Najpewniej przed przyszłorocznymi wakacjami otwarty zostanie inny tunel, który także będzie miał duże znaczenie turystyczne. Chodzi o podziemny przejazd pod rzeką Świną, który usprawni dojazd na wyspę Uznam, czyli do Świnoujścia. Po oddaniu inwestycji znikną długie kolejki do promów, w których w sezonie wakacyjnym trzeba czekać nawet przez kilka godzin. Drążony tarczą tunel został w całości przebity we wrześniu zeszłego roku, teraz trwa jego czasochłonne wykańczanie. Ta inwestycja też jednak ma wyraźne, niemal roczne opóźnienie. Również w tym przypadku jednym z głównych powodów kłopotów jest pandemia, przez którą m.in. o kilka miesięcy opóźniła się dostawa tarczy drążącej.

Znowu opóźnienia

To nie koniec problemów z tunelami. Wolniej niż planowano postępuje budowa dwóch kolejnych podziemnych przejazdów – o długości 1 km oraz 800 m – w zboczach Beskidu Śląskiego, niedaleko Węgierskiej Górki. To będzie fragment trasy S1, która utworzy najszybszy szlak z Polski do zachodniej części Słowacji i dalej na Węgry. Zgodnie z umową odcinek z tunelami powinien zostać ukończony w sierpniu przyszłego roku. Ale ten termin jest już nieaktualny. – Oddanie tego fragmentu jest planowane w trzecim kwartale 2024 r. – informuje GDDKiA. Tu też, tak jak na zakopiance, trudno przebijać się przez skały. Wiosną zeszłego roku w czasie drążenia dłuższego z tuneli doszło do zawału skał stropowych. Urząd Górniczy w Krakowie wstrzymał prace – wykonawca musiał m.in. opracować program naprawczy. Roboty udało się wznowić dopiero po pół roku.

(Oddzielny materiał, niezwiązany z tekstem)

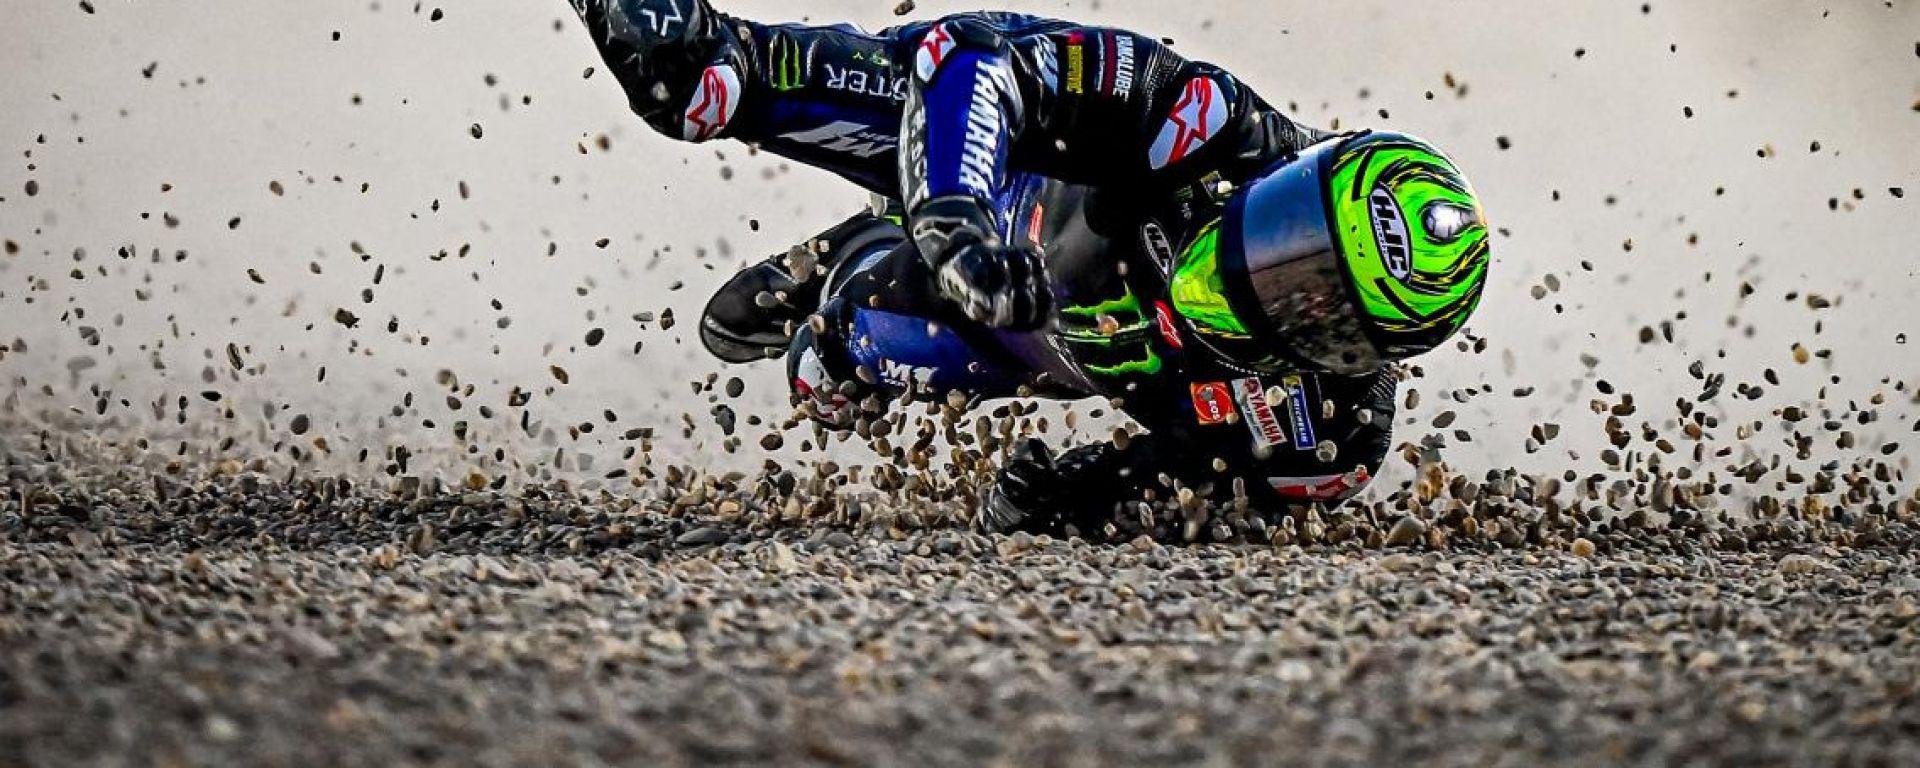 MotoGP Test 2021, Losail: la caduta di Cal Crutchlow (Yamaha)

W zaplanowanym terminie nie uda się również ukończyć kolejnych tuneli górskich – na S3 między Bolkowem i Kamienną Górą, na trasie prowadzącej od strony Legnicy w kierunku granicy z Czechami. Przewidziano tam dwa podziemne obiekty – jeden 2-kilometrowy, drugi – 300-metrowy. Powodem poślizgu są tym razem przedłużające się procedury uzyskiwania pozwoleń na budowę. W efekcie zamiast jesienią 2023 r. ten odcinek ekspresowej „3” ma zostać ukończony wiosną kolejnego roku.

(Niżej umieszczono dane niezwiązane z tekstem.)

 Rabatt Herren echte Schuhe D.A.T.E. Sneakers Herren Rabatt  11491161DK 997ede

Trzy tunele powstają też przy okazji budowy północnej obwodnicy Krakowa (S52). Pierwszy – o długości 653 m – powstaje pod miejscowością Zielonki i rzeką Prądnik, która niedaleko wypływa z Ojcowskiego Parku Narodowego. Pozostałe dwa – w podkrakowskich Batowicach (496 m) i pod wzgórzem Syberia (95 m) – są przebijane pod wniesieniami. Drogowcy przyznają, że w tym przypadku też nie uda się uniknąć opóźnień. Wbrew zapowiedziom w 2023 r. nie skończy się budowa zachodniej części trasy z tunelem w Zielonkach. Najpewniej roboty będą finiszować w kolejnym roku.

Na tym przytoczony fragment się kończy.